→ THE PROBLEM
Nothing but the lines below from the one containing "Skateboard Imprimé Crânes & Roses Arsenic 8" through the one containing "马克笔儿童画今日主题章鱼的世界" should appear in the answer, exact and without pictures.

→ SOURCE RECORDS

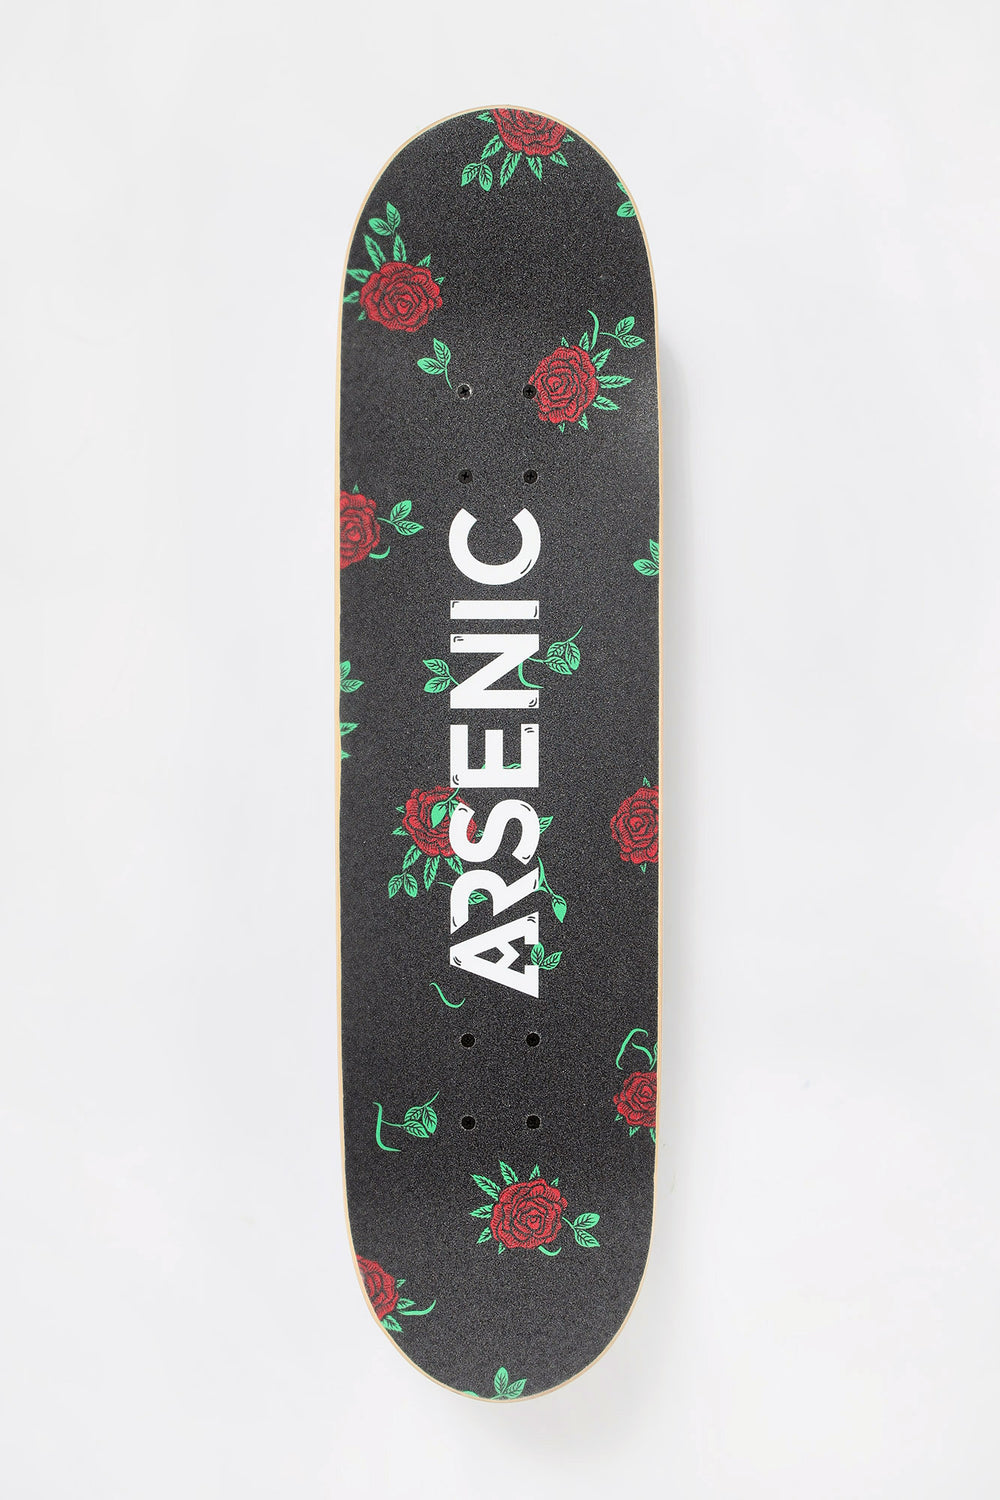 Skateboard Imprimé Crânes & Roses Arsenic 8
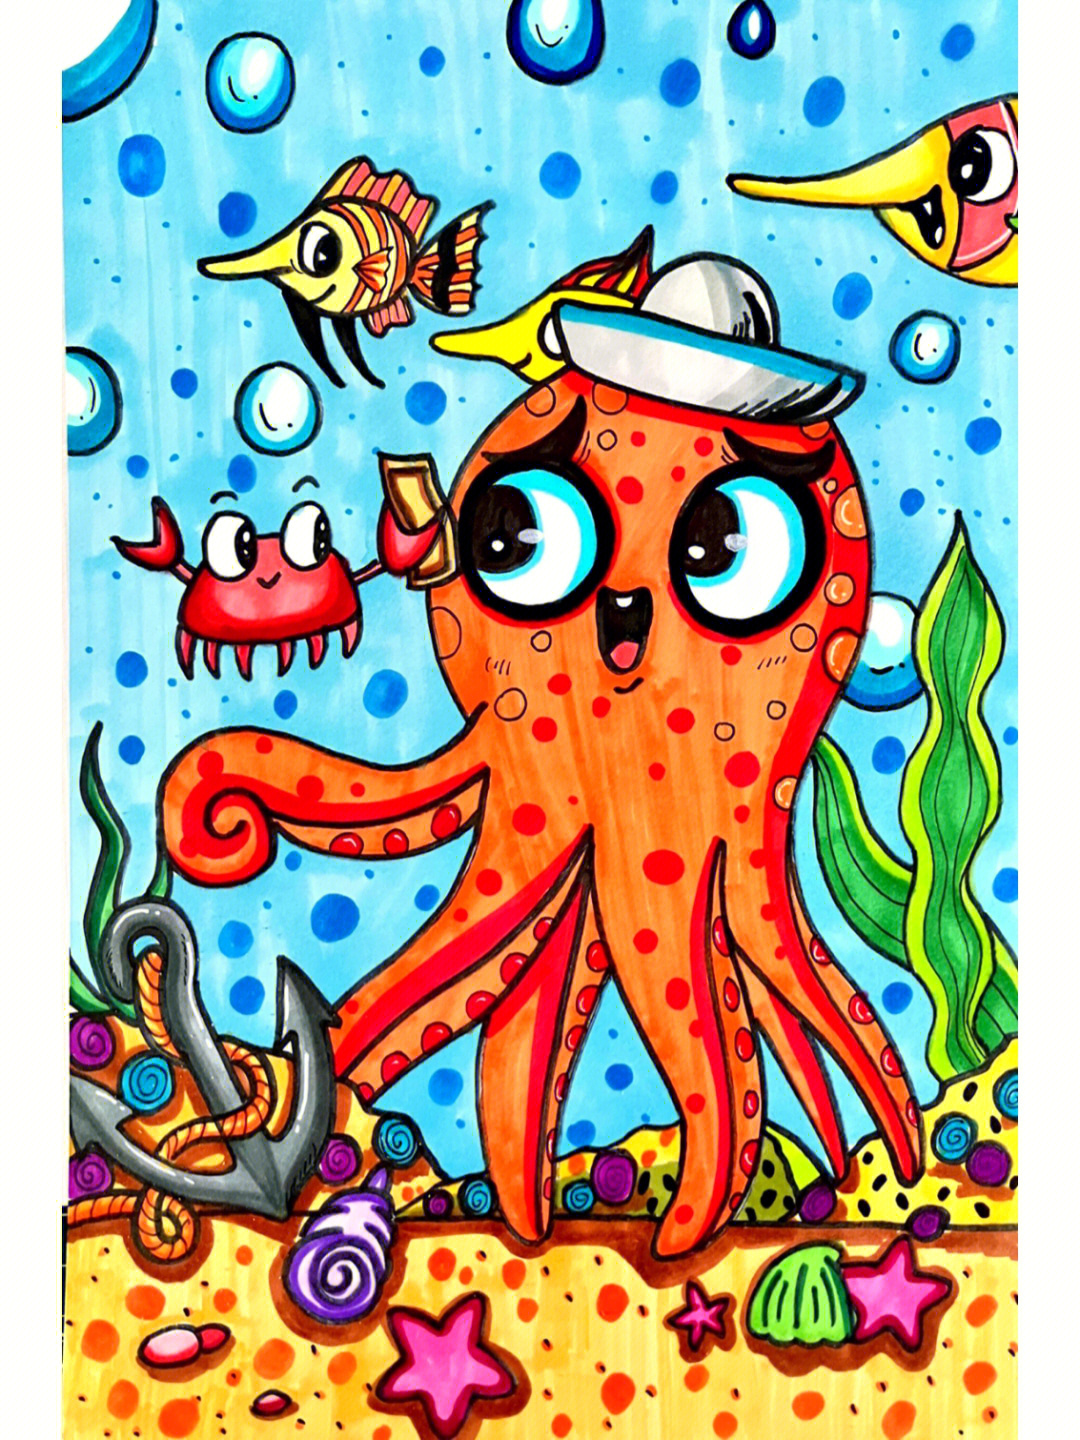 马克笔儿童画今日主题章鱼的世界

* * *

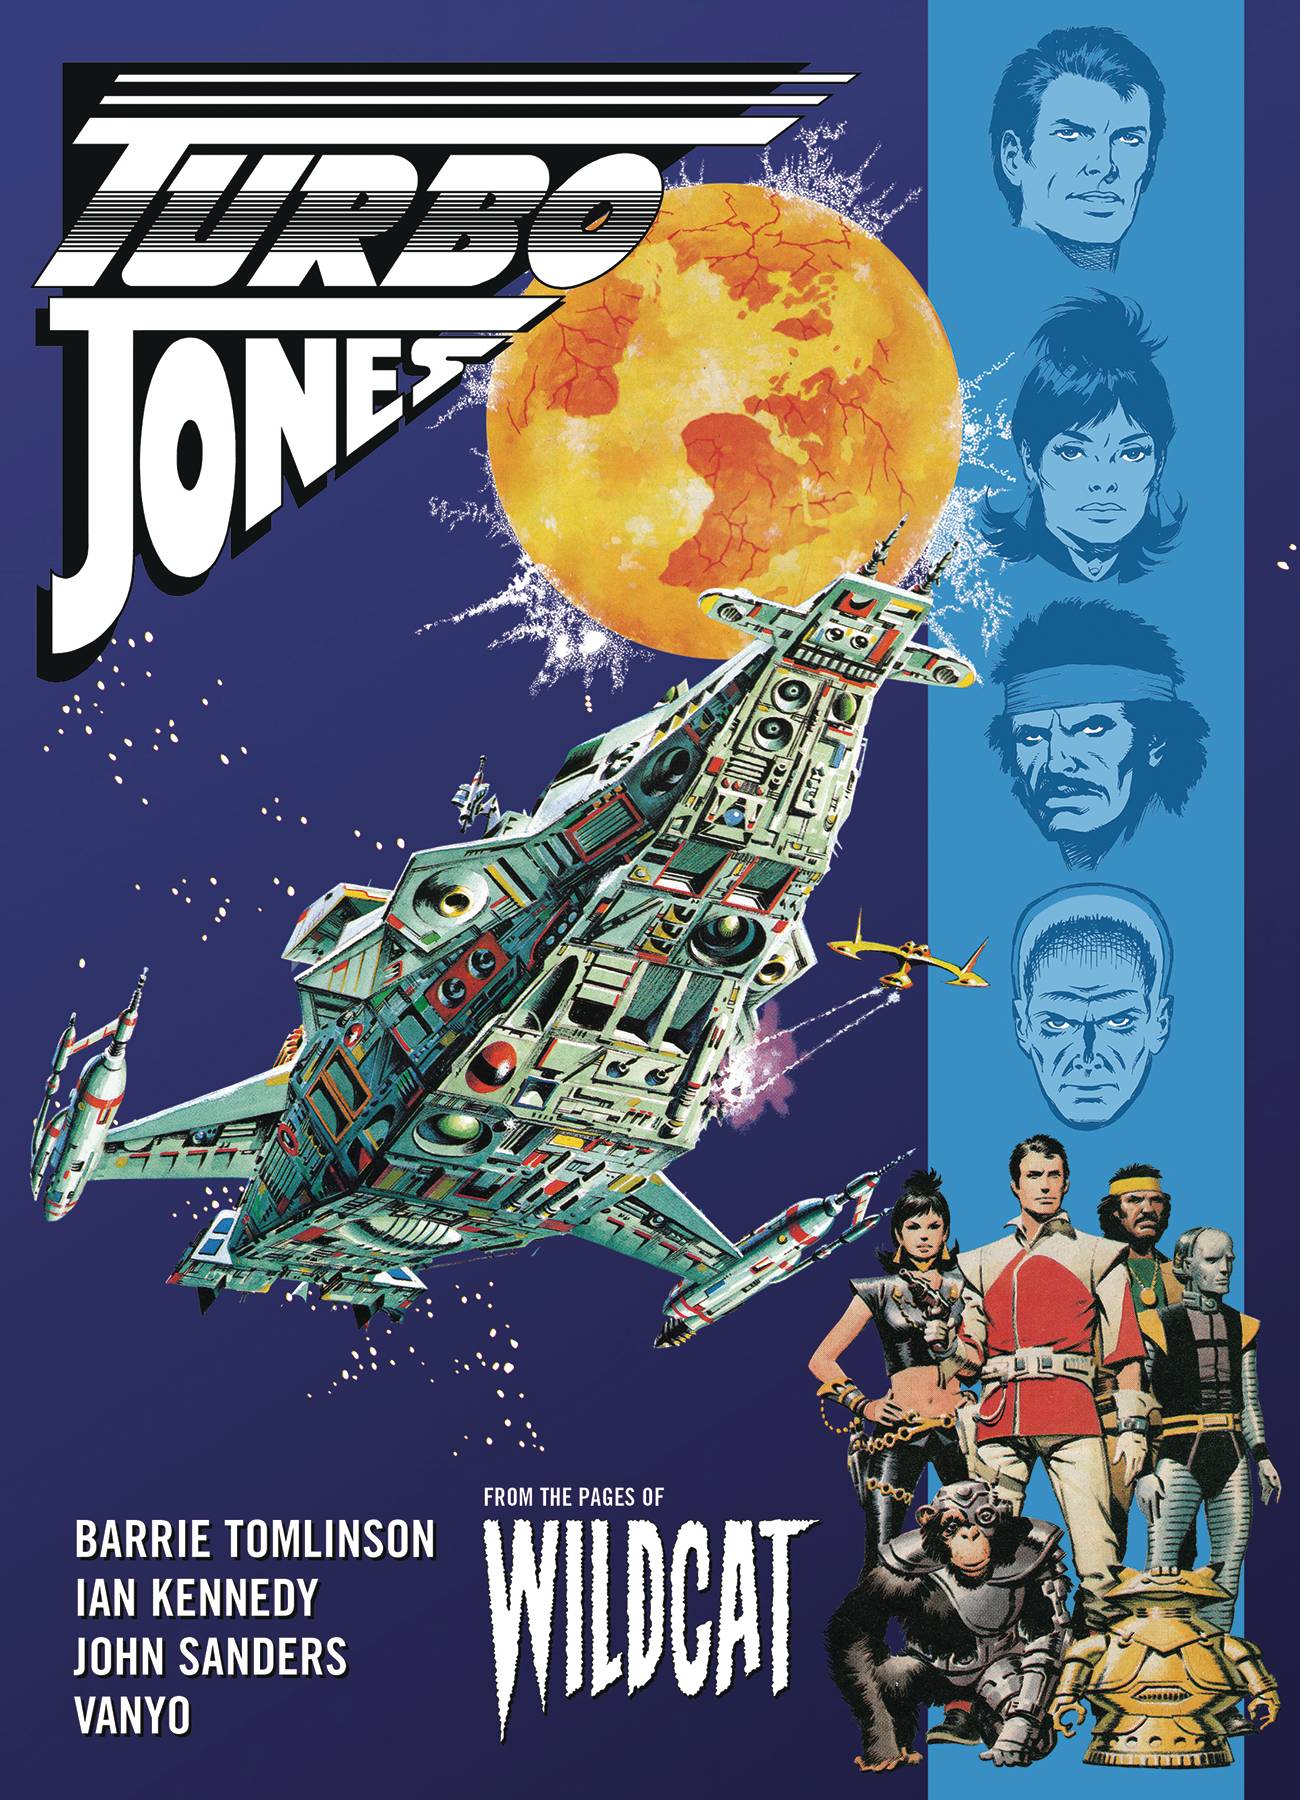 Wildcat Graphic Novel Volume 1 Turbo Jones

→ EXERCISE SOLUTION
 Skateboard Imprimé Crânes & Roses Arsenic 8
 马克笔儿童画今日主题章鱼的世界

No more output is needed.